Yesterday, April 8th, Intel Security’s McAfee Labs played a leading role in Operation Source, a global law enforcement collaboration that successfully dismantled the polymorphic botnet known as Beebone or AAEH. By spreading the downloader worm known as W32/Worm-AAEH, Beebone facilitated the download of a variety of malware, including ZBot banking password stealers, Necurs and ZeroAccess rootkits, Cutwail Spambots, Fake anti-virus and ransomware. W32/Worm-AAEH includes worm-like functionality to spread quickly to new machines, and contains a cyclic update routine to replace itself with newer versions to increase likelihood of remaining undetected by anti-virus software. During its peak in July/August 2014, it updated itself with newer variants up to multiple times a day.
Intel Security is aware of more than 5 million unique AAEH samples, distributed primarily across the US, Japan, India, Taiwan, Germany, and the UK.

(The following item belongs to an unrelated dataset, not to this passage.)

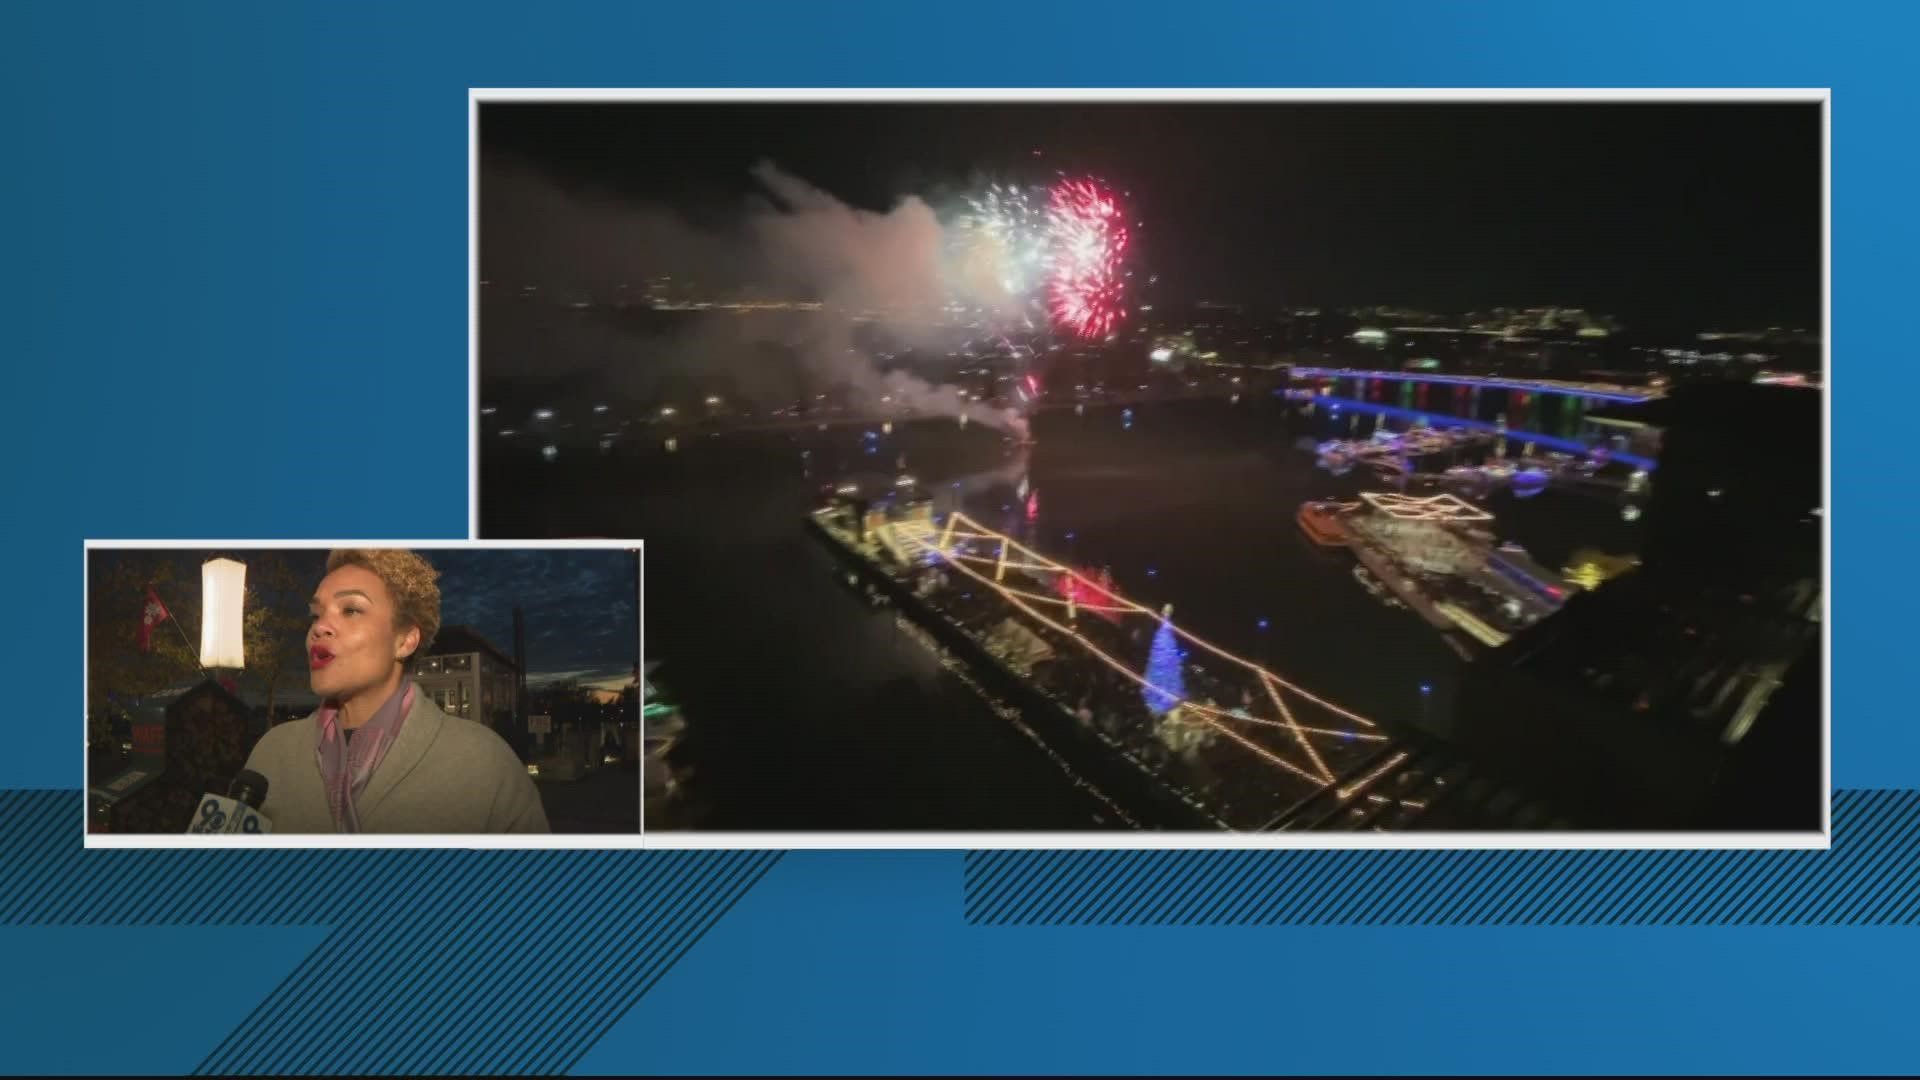 You can get in the holiday spirit at the Wharf in Southwest DC. Happening tomorrow night is the Holiday Boat Parade.

At one of its operational peaks in September 2014, more than 100,000 infections of the Beebone botnet were detected by the McAfee Labs team. At the last recording of infection rates in March 2015, McAfee Labs detected 12,000 live infections. As this figure included only telemetry from Intel Security, we suspect this was likely to be much higher.
The operation has been led by the Joint Cyber Action Taskforce (J-CAT), located at Europol’s headquarters, a cooperation between EC3, most EU Member States and law enforcement partners around the world. Combining resources, the J-CAT is an effective multilateral platform in the fight against cybercrime. The J-CAT works together with public- and private entities and academia on a very operational level, in order to identify and mitigate the biggest cyber threats around the world, and apprehending the persons responsible for them.
The takedown of AAEH is the result of a close cooperation between a Dutch-led J-CAT-operation and Intel Security and several other operational partners. Combining investigative and technical skills, as well as sharing information and experiences, led to the recent destruction of the botnet.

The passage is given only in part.